Directions — Copy each entry below exactly.
Data for analysis section start
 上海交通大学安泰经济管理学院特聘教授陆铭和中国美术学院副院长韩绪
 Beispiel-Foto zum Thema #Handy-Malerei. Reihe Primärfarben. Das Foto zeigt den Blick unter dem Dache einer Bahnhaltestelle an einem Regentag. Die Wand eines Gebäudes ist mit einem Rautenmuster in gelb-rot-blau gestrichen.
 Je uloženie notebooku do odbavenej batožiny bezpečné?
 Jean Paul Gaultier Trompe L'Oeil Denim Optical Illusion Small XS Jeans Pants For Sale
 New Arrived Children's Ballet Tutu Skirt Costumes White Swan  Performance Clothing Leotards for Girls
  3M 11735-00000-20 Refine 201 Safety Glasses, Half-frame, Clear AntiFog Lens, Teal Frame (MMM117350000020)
Data for analysis section end
Answer area —
 上海交通大学安泰经济管理学院特聘教授陆铭和中国美术学院副院长韩绪
 Beispiel-Foto zum Thema #Handy-Malerei. Reihe Primärfarben. Das Foto zeigt den Blick unter dem Dache einer Bahnhaltestelle an einem Regentag. Die Wand eines Gebäudes ist mit einem Rautenmuster in gelb-rot-blau gestrichen.
 Je uloženie notebooku do odbavenej batožiny bezpečné?
 Jean Paul Gaultier Trompe L'Oeil Denim Optical Illusion Small XS Jeans Pants For Sale
 New Arrived Children's Ballet Tutu Skirt Costumes White Swan  Performance Clothing Leotards for Girls
  3M 11735-00000-20 Refine 201 Safety Glasses, Half-frame, Clear AntiFog Lens, Teal Frame (MMM117350000020)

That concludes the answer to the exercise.